Spring 2023

In the words of the Rolling Stones, it’s time to “Get Yer Ya-Ya’s Out.” Yes, the vernal equinox is upon us. Spring is here. Let’s use that pent-up energy and march into the season of new beginnings. What do worms, road tripping, raw milk, and rhubarb have in common? We explore all these topics and more in the Spring issue of edibleSEMA. With more daylight hours to burn exploration beckons, both at home and afield.

Searching for hidden gems? Hit the road and take a day trip to the Milton/Canton area. Discover sublime eateries, a 22-acre dogwood garden, and a unique 19th-century estate museum. Or head to Middleborough and visit Lolans Farm, one of the few farms to offer raw milk in edibleSEMA country.
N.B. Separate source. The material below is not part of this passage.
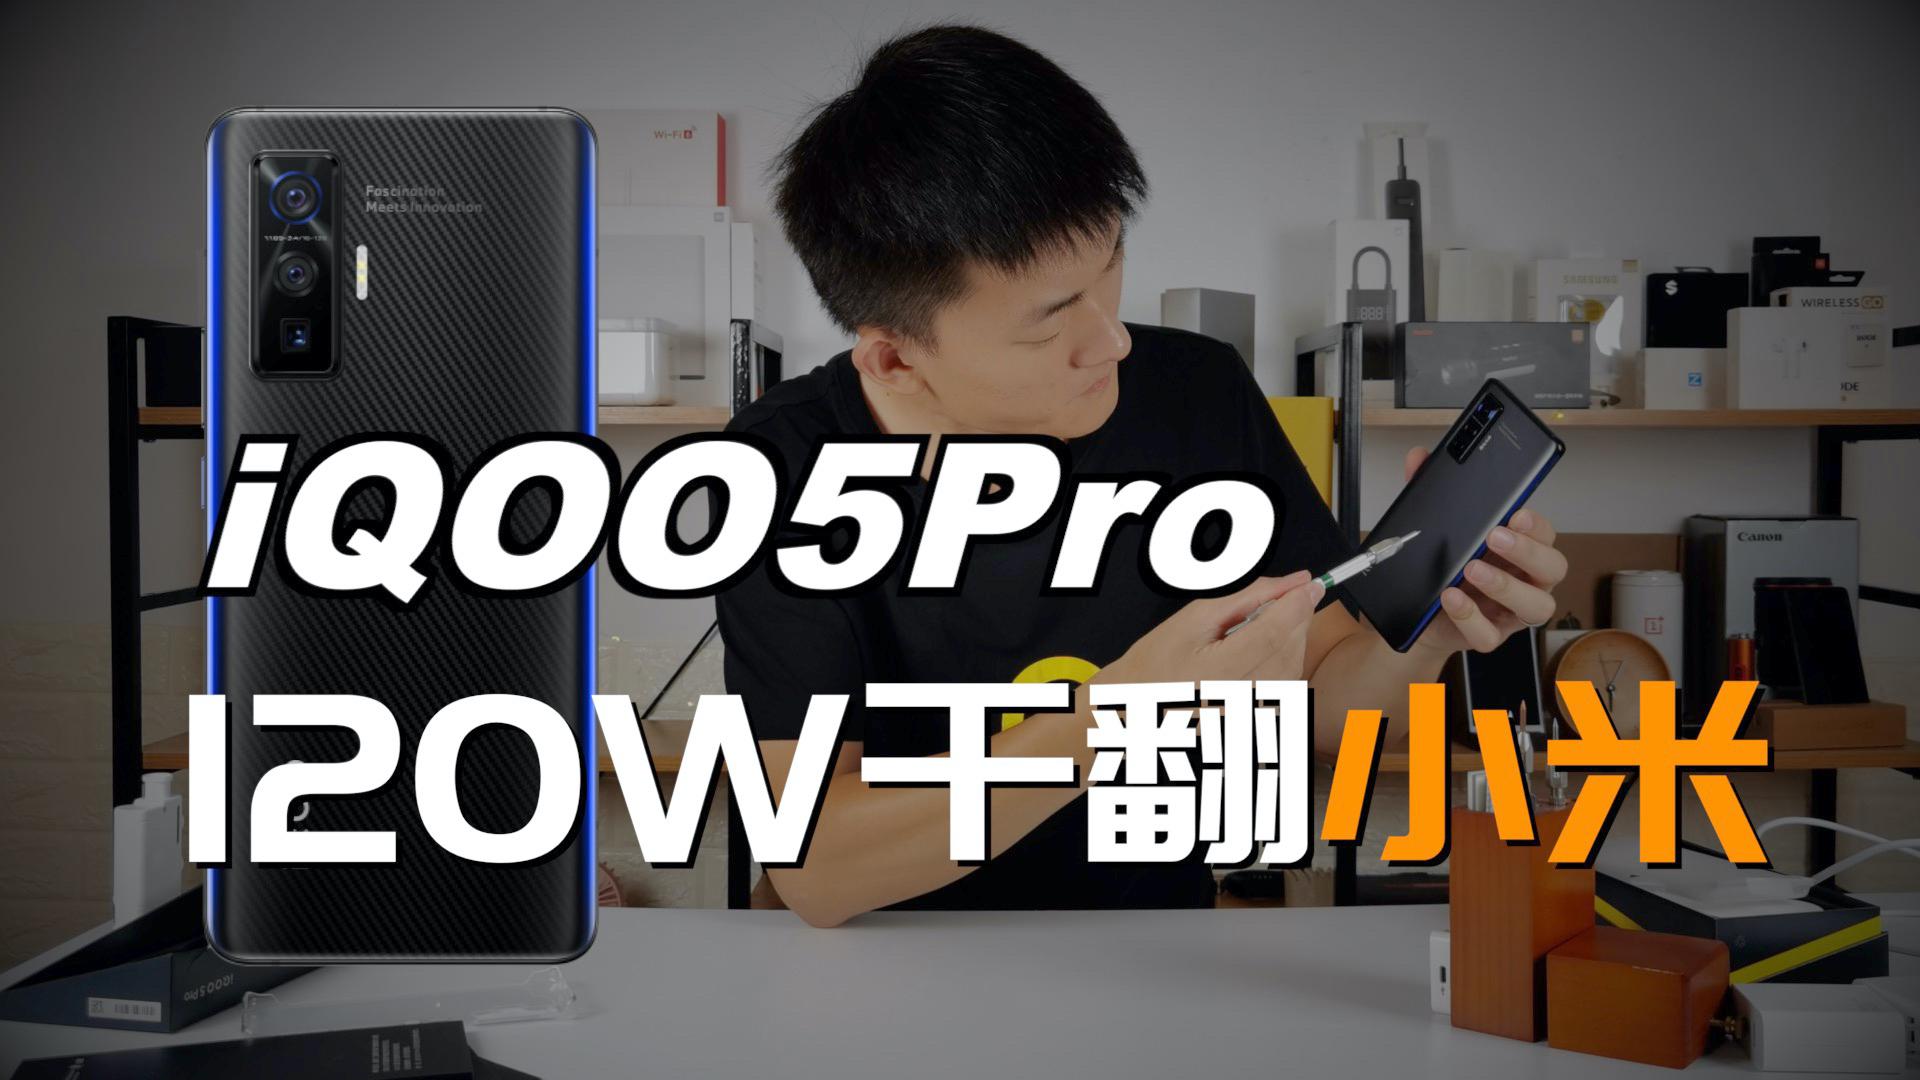 iQOO5Pro上手评测 120W干翻小米【新评科技】

You don’t have to leave your house to get active. Learning new skills in the kitchen and in the garden inspires us and keeps our engines revving. From growing your own microgreens to experimenting with cooking oils to practicing the craft of vermicomposting, we explore activities that sate mind, body, and soul.

Want to tantalize your taste buds? Rockin’ & rollin’ into spring, rhubarb shines brightly in the sun and on the kitchen stage. We also highlight a locally-inspired ale, tasty yam chips, and the Haitian spice epis in Local Provisions.

The abundance of Southeastern Massachusetts is at your fingertips, whether it’s on the road, in your garden, or at the kitchen table. Winter is now in the rear-view mirror, and it’s time to harness that pent-up energy and get active. With a spring in your step, explore new places, unique tastes, and sustainable practices, and “Get Yer Ya-Ya’s out.”